Un point de vue partagé par le candidat indépendant déclaré à l’élection présidentielle de juillet, Anguios Nganguia-Engambé qui, au cours d’une conférence de presse, le 12 avril à Brazzaville, a déclaré que «le Premier ministre, Isidore Mvouba, n’a pas la qualité juridique de convoquer une concertation citoyenne dont l’ordre du jour porte sur une échéance électorale aussi importante que l’élection présidentielle, parce qu’il n’est pas chef du gouvernement et il n’est pas constitutionnellement légal.

C’est le président de la République, chef du gouvernement, qui a le pouvoir de convoquer cette rencontre nationale. Le chef de l’État répondra devant le peuple congolais des résultats de cette concertation».

L’Udr-Mwinda authentique, que dirige Stéphane Ntsatouabantou Milongo, par contre, se dit favorable à cette rencontre rejetant ainsi l’idée d’une déclinaison de l’offre entretenue par les autres partis de l’opposition. «Cette concertation est pour nous un cadre propice à une vraie discussion citoyenne susceptible de nous permettre d’aller vers un acte consensuel.

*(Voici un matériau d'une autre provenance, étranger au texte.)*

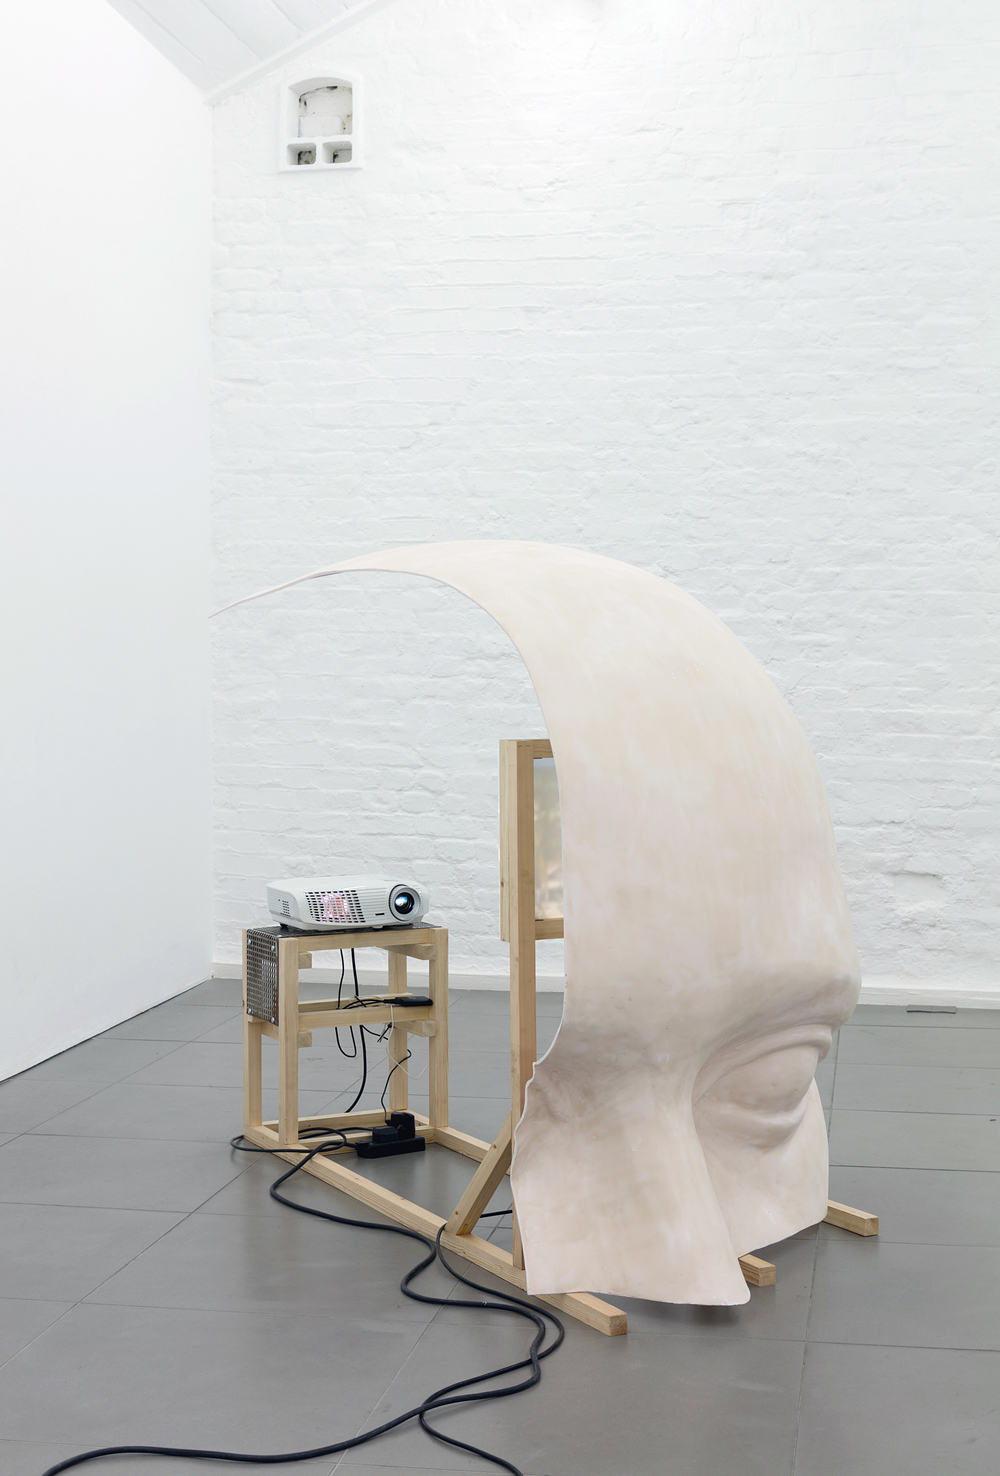 Installation view, Anne de Vries, Submission, Cell Project Space

Seulement, un seul mot devrait être placé au-dessus de tout, un seul mot devrait donner un sens à tous les autres : c’est la responsabilité».

De leur côté, la coalition des partis du centre salue l’idée d’une concertation citoyenne. L’un des membres du collège des présidents de ce mouvement, Luc Daniel Adamo Mateta, a estimé que cette rencontre privilégie un principe majeur incarné par les sociétés traditionnelles africaines. «La rencontre fraternelle et le dialogue

symbolisés par le mbongui et l’arbre à palabre comme supports de l’harmonie et de la cohésion », a-t-il déclaré.